Читаем Солнце и сталь полностью

Я слышал этот зов и раньше, давным-давно. Но в те времена мой внутренний голос звучал диссонансом внешнему. Моя плоть была не приспособлена для восприятия клича, что доносился извне; приходилось полагаться на услуги Слова. Обращенный ко мне призыв трепетал, запутавшись в сетях сложных идей, — я хорошо помню возникавшее при этом болезненно-сладостное ощущение.
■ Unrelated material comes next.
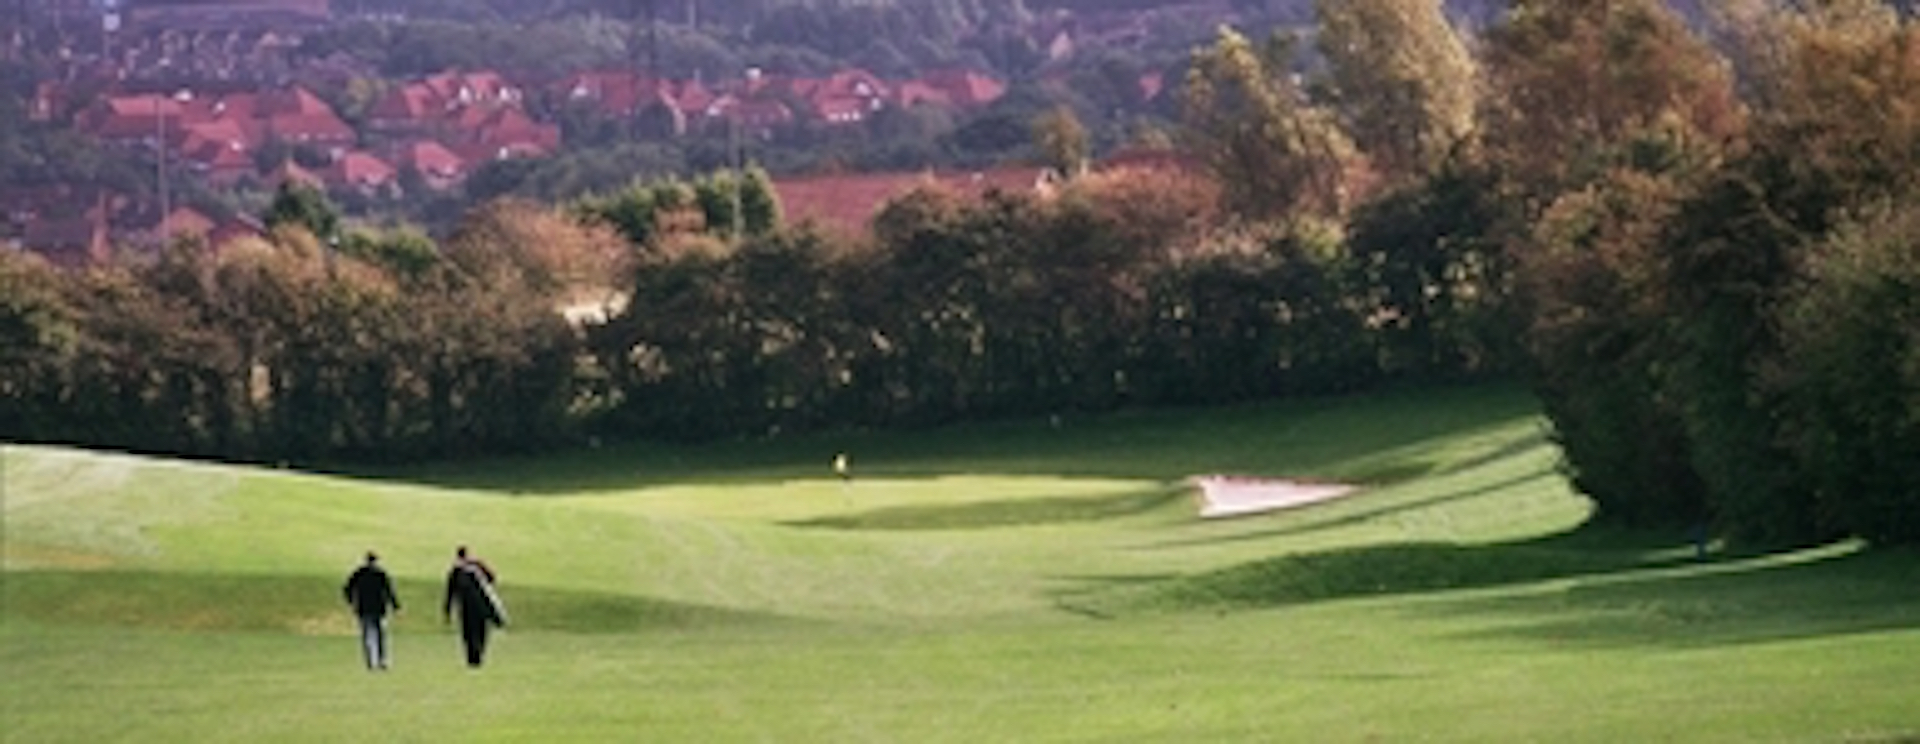 Danny Willett learnt golf on a municipal

Но я понятия не имел, какая глубинная радость рождается в душе, когда оба голоса встречаются на рубеже плоти и сливаются воедино...

А потом я услышал грохот, вой и увидел, как сквозь пелену дождя в сторону невидимых мишеней одна за другой тянутся ярко-оранжевые нити трассирующих снарядов. Целый час я сидел по уши в жидкой грязи, под проливным дождем, и наблюдал за стрельбами.


Или еще одно воспоминание.

Раннее декабрьское утро. Я бегу совершенно один по дорожке Национального стадиона. Вряд ли это занятие можно было причислить к категории «долга» — я, так сказать, предавался излишеству, но никогда еще не чувствовал себя так роскошно. Рассвет того дня принадлежал исключительно мне одному.

Итак, час восхода. Температура — ноль градусов. Стадион похож на чашу гигантской лилии, безлюдные трибуны — как огромные раскрытые лепестки, белые в черную крапинку. На мне только тренировочные штаны и рубашка, ветер пронизывает до костей; руки онемели. Когда я бегу под восточной трибуной, где еще царят сумерки, от холода захватывает дух; на западной стороне, уже освещенной первыми лучами солнца, дышится немного полегче. Я уже пробежал четыре четырехсотметровых круга, бегу пятый.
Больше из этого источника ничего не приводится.